Но даже сестре Беате пришлось признать, что девушка вряд ли слышала то, что ей говорили.
— По правде сказать, аббатиса, — рассказывала сестра Беата, — иногда довольно трудно заставить ее услышать хоть что-нибудь! Словно бы… — Монахиня никак не могла подобрать нужные слова, ее лицо сморщилось и стало несвойственно хмурым. — Словно бы она внимает внутренним голосам. Или, может, пению, потому что часто она начинает тихонько напевать что-то, будто вторя…
— Понимаю.
Элевайз действительно понимала, о чем говорит сестра Беата, и очень хорошо понимала. Именно эти странные мурлыкающие напевы так встревожили аббатису той ночью, когда Элевайз обнаружила, что Калиста ходит во сне.
Казалось, Калиста начала привыкать к своим новым обязанностям. Но Элевайз боялась, что под спокойной гладью скрываются невидимые течения. Течения, которые могут принести беду.
Уже в первые дни, проведенные им в Новом Уинноулендзе, Жосс обнаружил, что его впечатление о скором завершении работ было обманчивым.
Строители все еще занимались кухней, а теперь ко всему прочему возникла проблема с солнечной комнатой, которую, со всей очевидностью, мог разрешить только главный каменщик. Подразумевалось, что вина целиком лежала на Жоссе: надо же быть таким глупцом, чтобы пожелать именно это помещение в первую очередь!
Жосс пытался помочь, давал советы и даже, засучив рукава, был готов лично принять участие в отделке дома. Но почти сразу стало ясно, что в нем не нуждаются. Строители никогда не говорили этого, но сумели дать понять, что, околачиваясь там, где они работают, Жосс нарушал некое неписаное, но незыблемое правило.
Он удалился в залу, однако и здесь ему нечем было заняться!
Долгие летние дни манили его на воздух, но там ему приходилось то и дело сталкиваться с рабочими, мешая им. В полном отчаянии он вспомнил об убийстве в Хокенли и подумал: «Проклятье и адское пламя! Посмотрим, смогу ли я справиться с этим делом лучше, чем шериф!»
Прибыв в Тонбридж, Жосс расспросил о шерифе Гарри Пелеме — хвала аббатисе, она назвала его имя — и узнал, что, раз сейчас полдень, шериф обедает.
К счастью, Пелем предпочитал тот самый трактир, где Жосс уже когда-то бывал.

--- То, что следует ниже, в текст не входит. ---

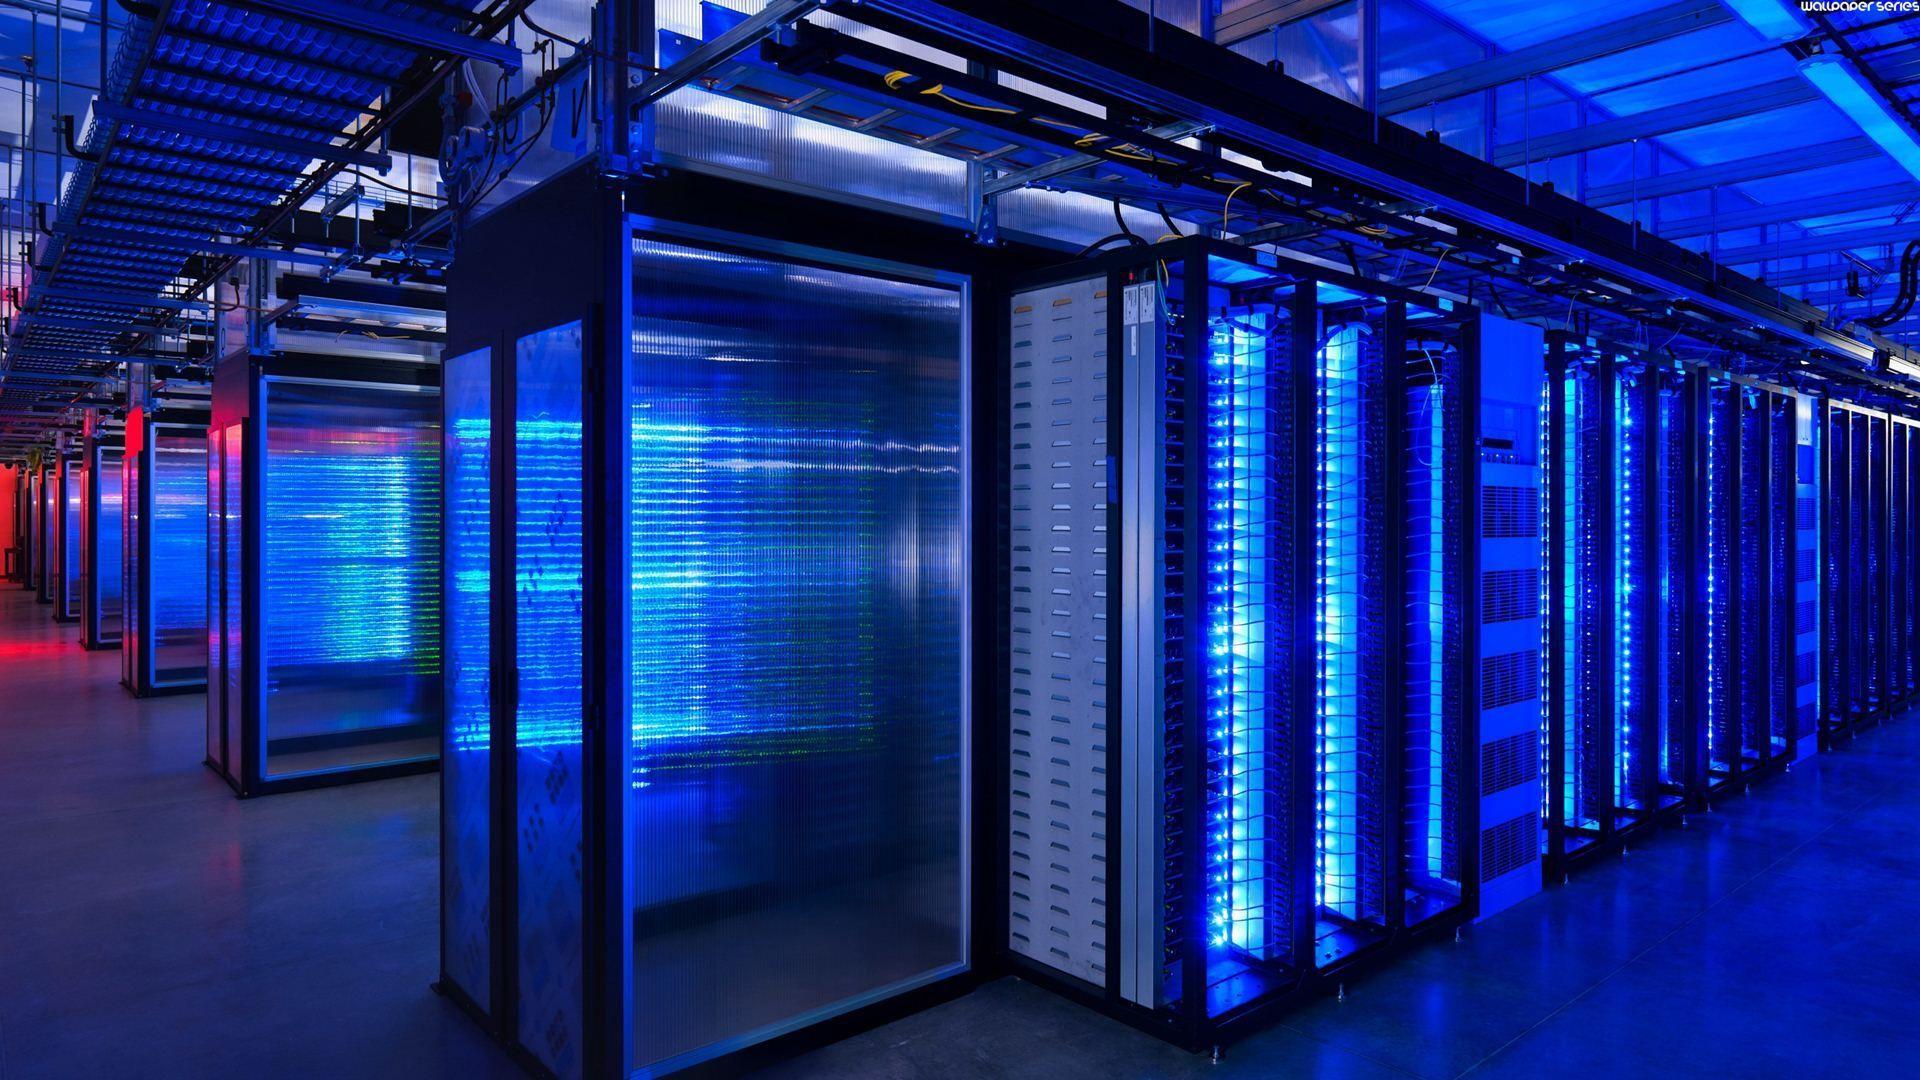 Хостинг север как создать собственный хостинг серверов
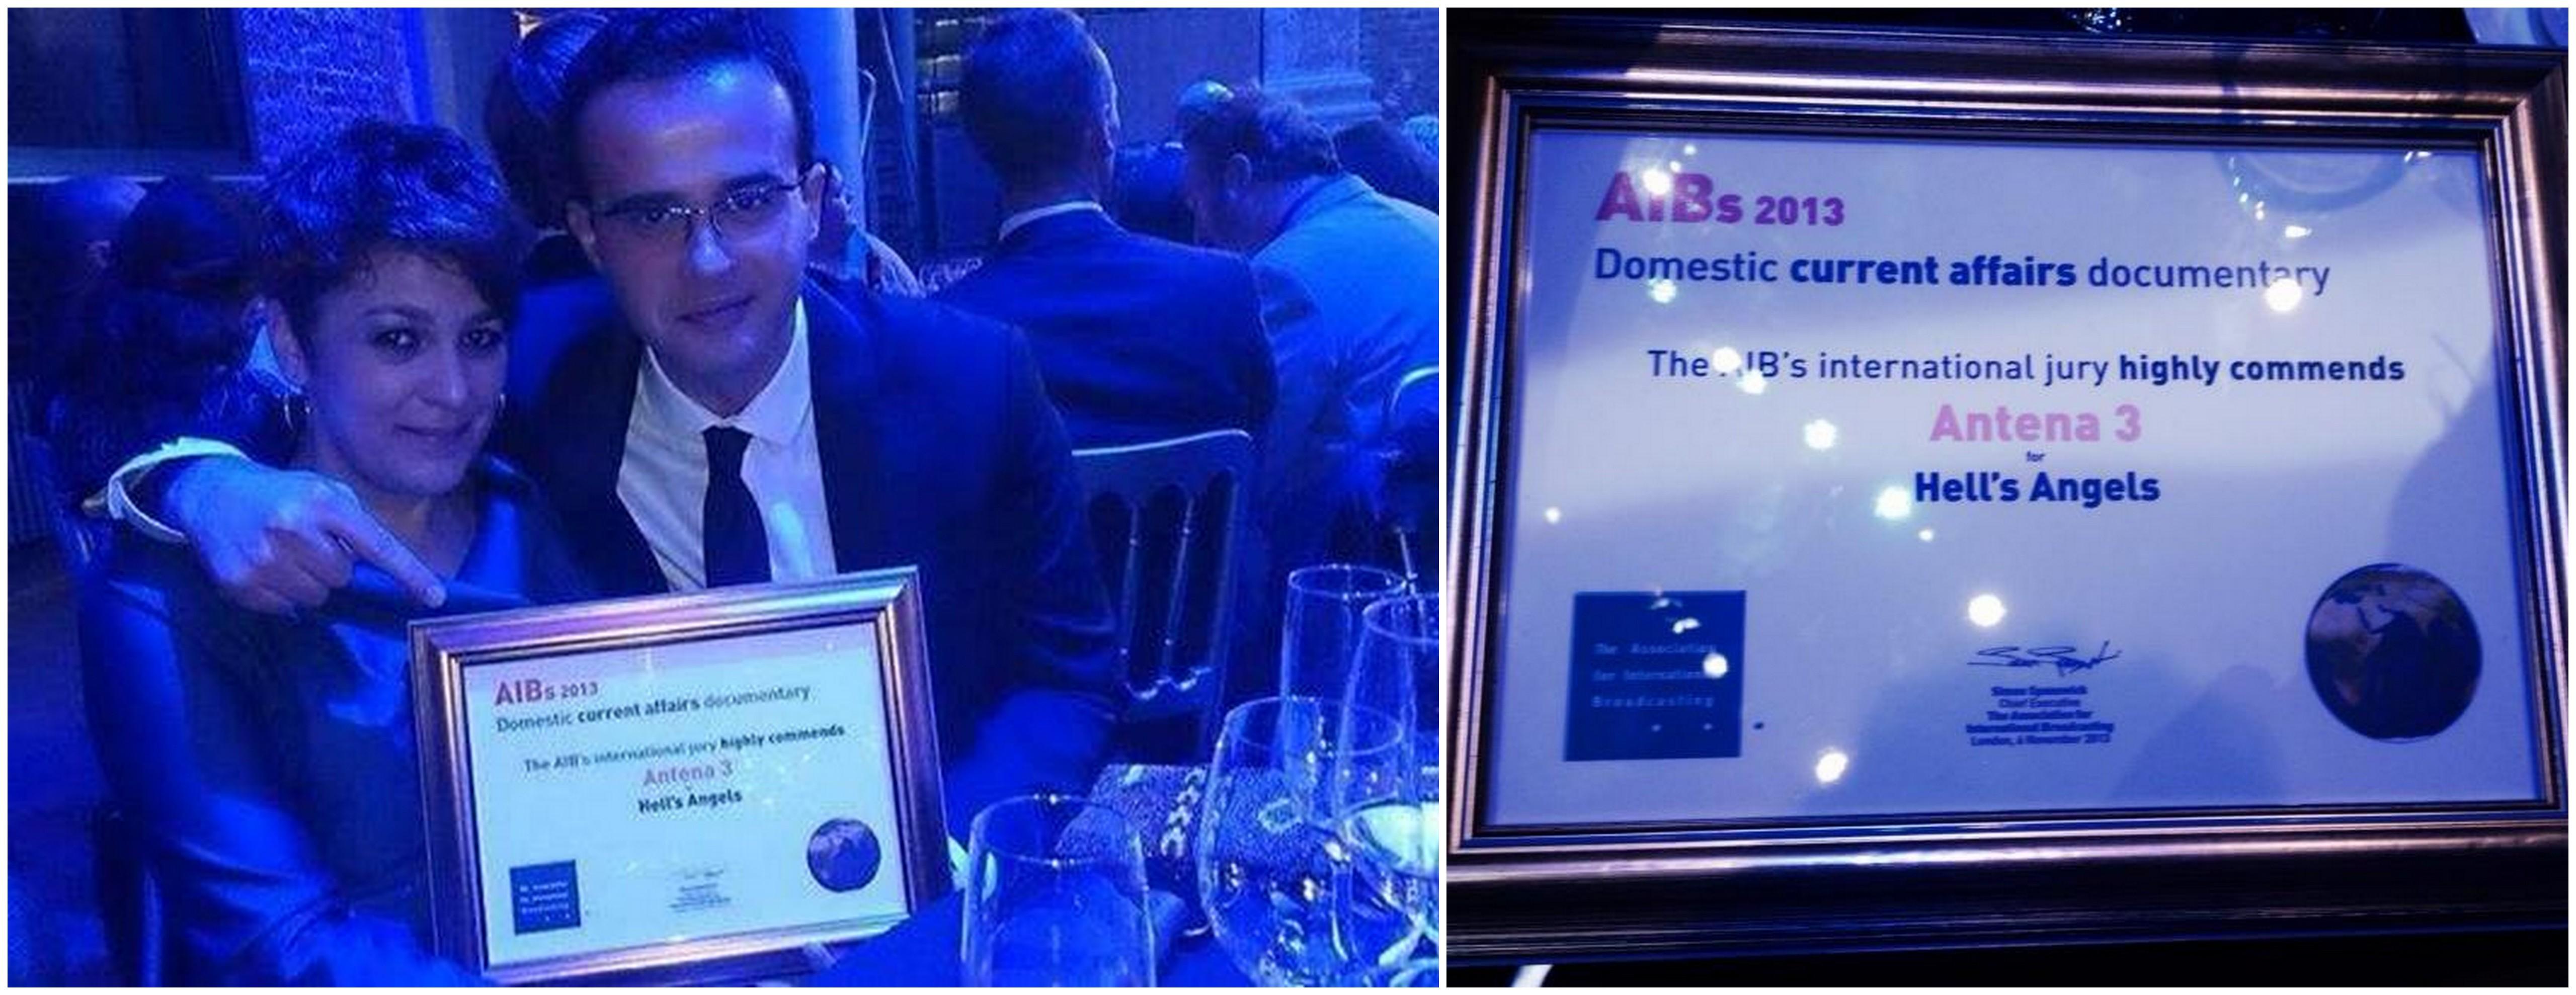 Antena 3 premiata la AIB

Направив коня во двор, он встретил хозяйку, матушку Энни, спешившую из одной из своих кладовых с половиной окорока в могучих руках.
— Кого я вижу! Добрый день, странник! — крикнула она, широко улыбнувшись. — И где же вы были все это время?
Жосс улыбнулся в ответ:
— По-разному, Энни, то здесь, то там. Как поживаешь?
— Прекрасно. Мы очень заняты, но как раз это мне нравится. Поесть хотите? На вертеле уже жарится кусок говядины, а вот эта ветчина — в полном соку.